3. I would steer clear of a 4 year old. They don't have too much training and an older horse will be able to help you more instead of you having to train him. 
4. I think Kee Kees Champ would be a pretty good first horse. She knows what she is doing and is a good size.
5. He is very cute, but still too young for a first owner in my mind.
6. I think Pennie would be an awesome first horse. She seems to be able to do everything you would want to do with her. 
7. This is also a very nice horse that I would consider in your situation.

Whatever you do decide, I wish you luck and happiness


----------



## horsegirlmaddy (Dec 6, 2008)

Thanks, horsea  good advice

So I'm narrowing it down to (of the horses I've found so far that I've liked) #4, Kee Kee's Champ, #7, Jewel, and possibly #6, Pennie. I'm not totally sure if I really like Pennie, though...


----------



## AQHA (Mar 15, 2010)

Pennie is my vote! But would I pay $4,800 for her? NO WAY

Right now you can get a pretty darn good horse with papers for that price, and at this time I've seen some lower... Just my opinion.


----------



## horsegirlmaddy (Dec 6, 2008)

I know. Horses are expensive! But I haven't found any that fit my criteria for less than $4000 in Alberta.


----------



## AQHA (Mar 15, 2010)

Not sure about your location but have you looked at these horses?

Big Stout 7yr Gelding

Show Jumper or Eventer

Youth, Adult, 4H Pony, Club or Just Trail Riding

Beautiful Aqha Mare

Gray Mare Breedingstock Paint

Not sure...Just something to look at

Some are still prices a bit high...But you can look around and talk with horse people in your area, they might know of some horses for sale.


----------



## horsegirlmaddy (Dec 6, 2008)

Thanks, AQHA!! I really like the second and third ones  Very helpful, thank you!!!


----------



## beckyarchie (Aug 29, 2009)

wow i looove charlie the palomino!
what a cutie!


----------



## dressagexlee (Dec 15, 2009)

There are so many fellow Albertans on this forum!
I don't have any critique, but I have to say this: Kiki's "sale video" scares the crap out of me, oi!


----------



## ThinkingOfRiding (Apr 8, 2010)

im really liking the paint


----------



## Gidget (Jan 19, 2010)

Penny for sure. Or the paint.


----------



## Gidget (Jan 19, 2010)

btw, kee kee is crazy jumping and running like that...too much get up and go for me anyways. Lol, i'd be screaming the whole time.


----------



## horsegirlmaddy (Dec 6, 2008)

Aw i thought Kiki was cute....LOL

I talked to some people who know the paint, and sadly, she has permanent lameness issues that the owners "forgot" to put in the ad, so a big NO on her now.


----------



## horsegirlmaddy (Dec 6, 2008)

Where is Kiki's sale video? I can't see it anywhere on the ad...


----------



## Pro (Apr 23, 2009)

At the bottom of the written description it says her price, under that it says website - click it.


----------



## SarahHershey (Dec 17, 2009)

Now why is barefoot such a big deal for you?


----------



## Gidget (Jan 19, 2010)

i'm going to guess that barefoot will help keep cost down.


----------



## horsegirlmaddy (Dec 6, 2008)

Yes, it's cost. I feel bad about that, but I'm a thirteen year old who has to pay for EVERYTHING myself, and added expense of shoes...I just would rather not.


----------



## Supermane (Sep 23, 2007)

I'm not a huge fan of any of these horses.

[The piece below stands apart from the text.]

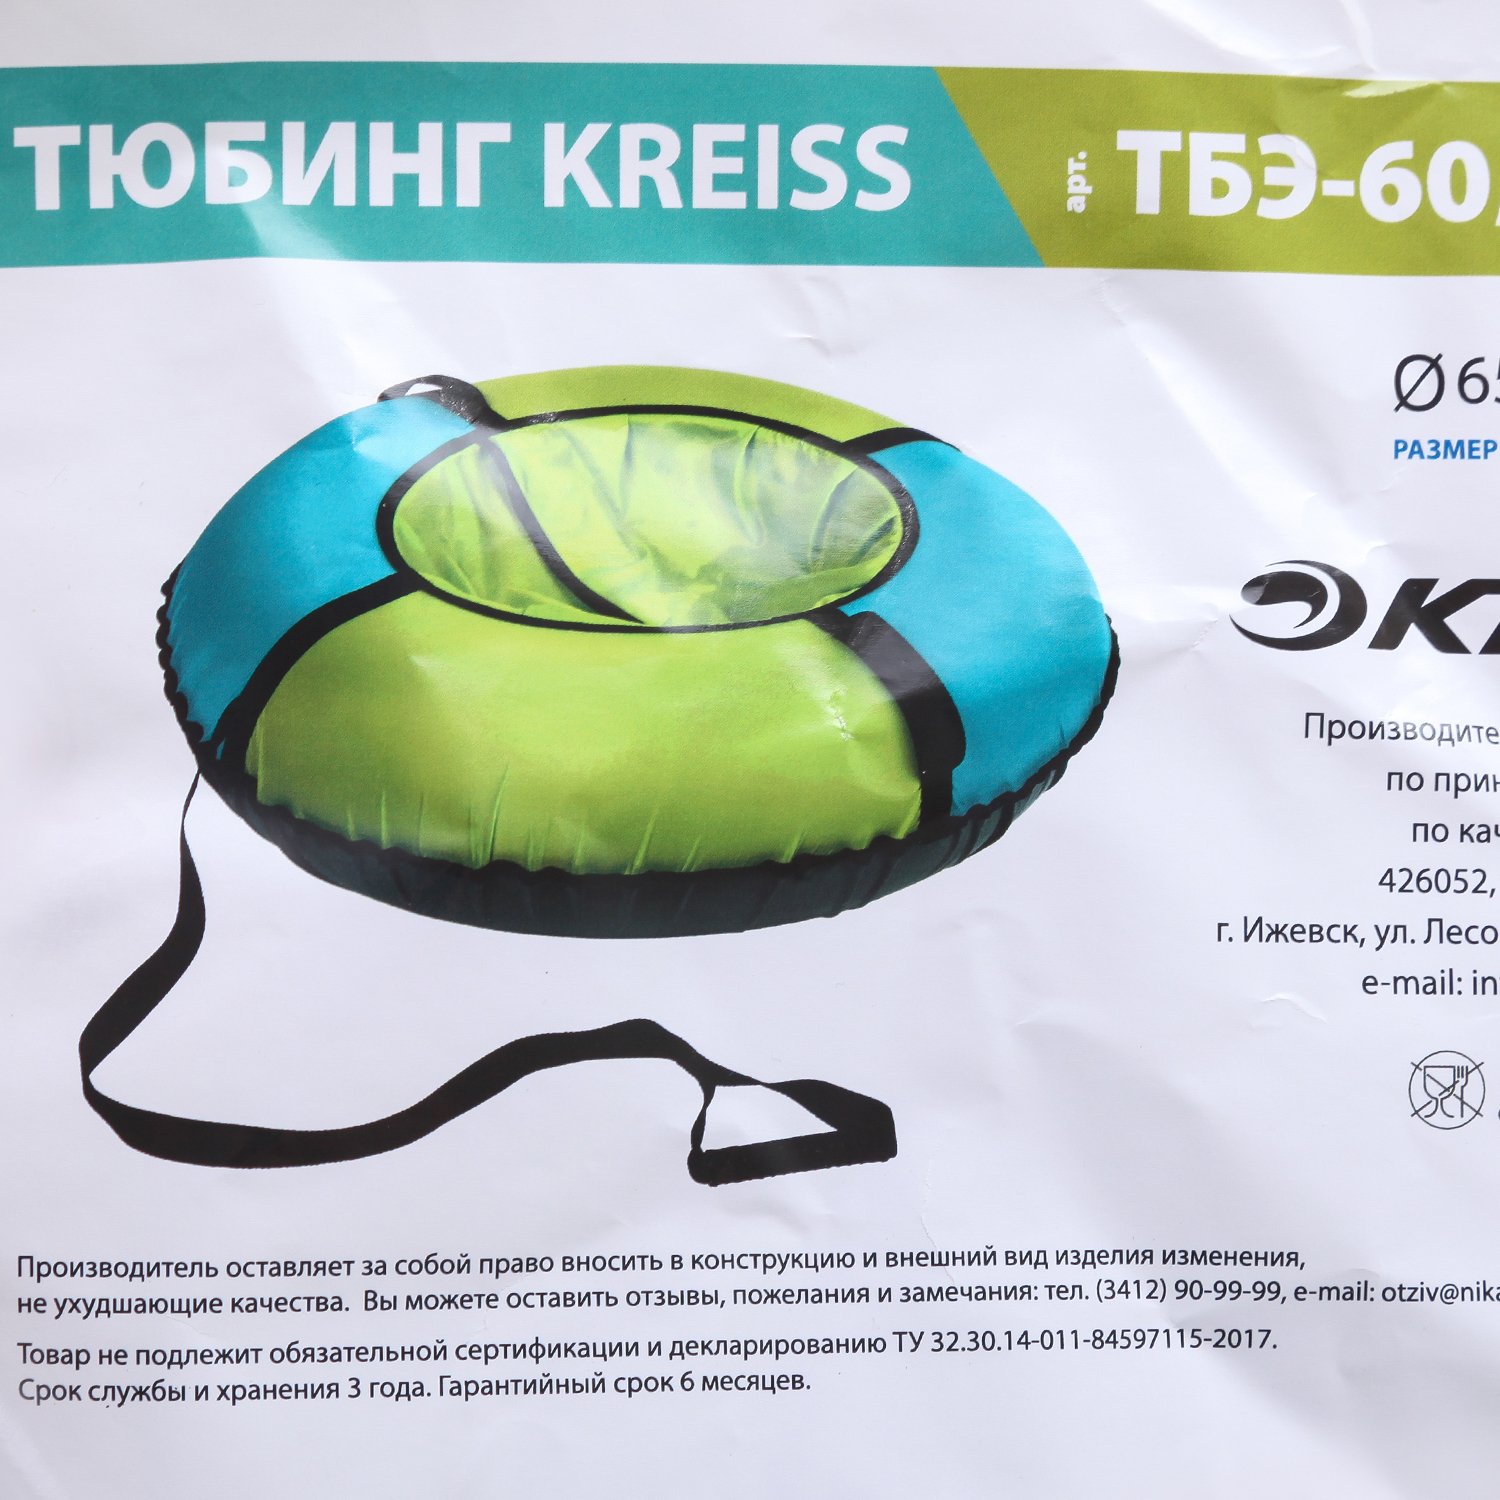 Тюбинг Kreiss Лимонный-Бирюзовый ТБЭ-60/Б  по цене 669 ₽ в .

#1. Cute pony, with a okay jump. I'm not sure about in canada, but a pony will limit may showing ability. I know you say you don't show a lot, but that might be something to keep in mind.

#2. From you description, I would say absolutely not. With a 7 temperament I would say he is way too much horse for your level and what you're looking for.

#3. I wouldn't count this horse out just because it's young, however, you don't state if you will being working with a trainer. A horse this young is going to require training and a lot of work. He also looks stiff and his jumping isn't great

#4. I love Kiki; she looks like a very nice 3'+ horse, but I think she might have too much step for 2'6", which is what you say you will be primarily doing. This is an awesome horse, but I don't think she's what you're looking for.

#5. This one *looks* spirited, even though they say he's not, but he looks like a very willing jumper. He might be a horse to look at and at 5 he is still young and at 16.1 you probably won't outgrow him. 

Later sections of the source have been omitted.